The Green Sheet Online Edition
June 14, 2010 • Issue 10:06:01
Skimming alert system
We tend to think of data thieves as cyber criminals punching away on some remote computer keyboard, working invisibly and anonymously. In the world of credit card data theft, "skimming" is a distinct type of crime, as it involves an act of physical intrusion. Often, terminal devices are moved from their legitimate origin and either put back some time later (with a skimmer built in) or sold to another buyer.
A new service from terminal manufacturer VeriFone Inc., called the VeriFone PED Authentication Service, aims to clamp down on such terminal tampering. The service monitors and tracks a number of VeriFone-issued terminals using something called the Unique Manufacturers Authentication Key (UMAK) - an electronic code embedded in PIN entry devices (PEDs) of certain VeriFone terminals.
The service is compatible with VeriFone's VX Series, MX Series, SC 5000 and Omni 3700 Series devices, which account for between 80 and 90 percent of VeriFone terminals in use, according to Paul Rasori, VeriFone's Senior Vice President of Marketing.
"The deadline for unapproved [PED] devices is [July] 2010, but devices that followed are going to be valid for use in the marketplace until 2014," Rasori said. "Those devices were built on security technology that's now 10 years old.
"The fact is that we're seeing the sophistication of criminal attacks growing quite a bit, with criminals exploiting these older devices in the marketplace. Without mandates for acquirers to remove those devices, we thought there was another layer of security that would be required here."
The UMAK is, in fact, a secret codification of information that's unique to each PED - including the device's serial number and precise location (that is, street address and, where applicable, the exact lane or counter where it is used at a given merchant outlet). Only VeriFone knows the UMAK on any one of its products.
The VPAS service uses the UMAK to detect anything out of the ordinary with a given PED. Merchants who subscribe to the service will have their terminals remotely programmed to send out a signal that VeriFone's monitoring system receives at regular intervals. That signal will contain the UMAK that's programmed into the device, indicating that it is locked down at its proper location.
If a device is removed from its location - as devices often are, even only momentarily, when they are tampered with - the UMAK signal is interrupted, alerting the company that the device is no longer in its proper place (or wasn't in its proper place for a certain stretch of time, but is now). VeriFone can then notify the owner of the terminal that there may be tampering; if the terminal isn't still missing, the merchant is advised to inspect it for damage or rogue attachments.
The presence of rogue devices with skimming capabilities is indicated by either the lack of a UMAK signal or the transmission of an aberrant one. In most cases, the replacement device won't send out a UMAK signal, and the absence of that signal will trigger an alarm.
A more sophisticated criminal who fraudulently programs a rogue terminal with address information will also trigger an alarm because the programmed information won't match the encrypted format of the UMAK, which is known only to officials at VeriFone. Anything other than the original code coming through would indicate that the device is fraudulent, Rasori said.
"The premise behind the VPAS service is we've developed a centralized database of all these devices and are able to track both the serial number of each device and also the location of the device right down to the lane it's installed in," Rasori said. "With UMAK, we're able to securely authenticate [that a device is in its proper place] using the secret code that VeriFone has which relates to each device.
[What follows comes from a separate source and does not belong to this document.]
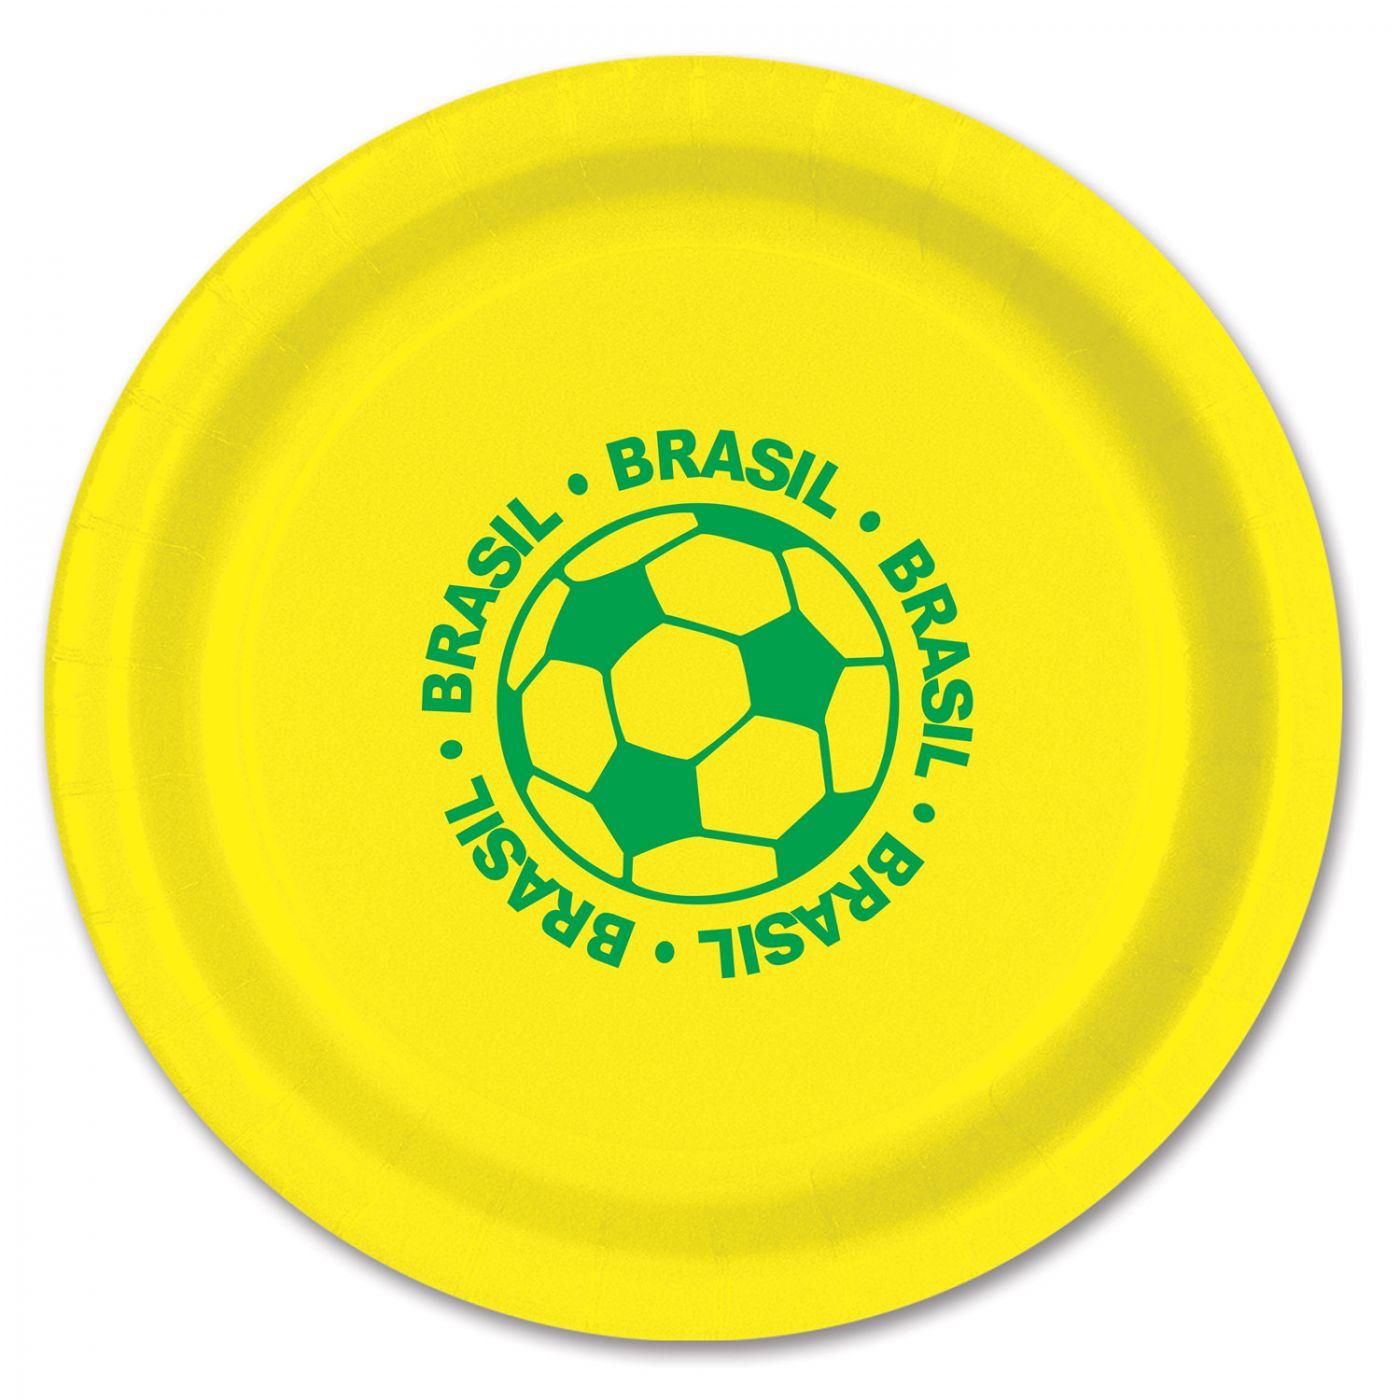 Plates - Brasil image

So it's impossible for criminals to spoof that system because they'd never be able to recreate that information."
Rasori added that the removal of the device for legitimate repairs can trigger a false positive emergency signal. But he added that "every merchant acquirer has access to a web portal where they can register different types of events like that, where they can say device with serial number such and such was taken out of service for repair. Then that device is basically put on hold, and when they want to put it back into service, they can go back in and say, 'This is where the device is going to be and where it should be.'"
Notice to readers: These are archived articles. Contact names or information may be out of date. We regret any inconvenience.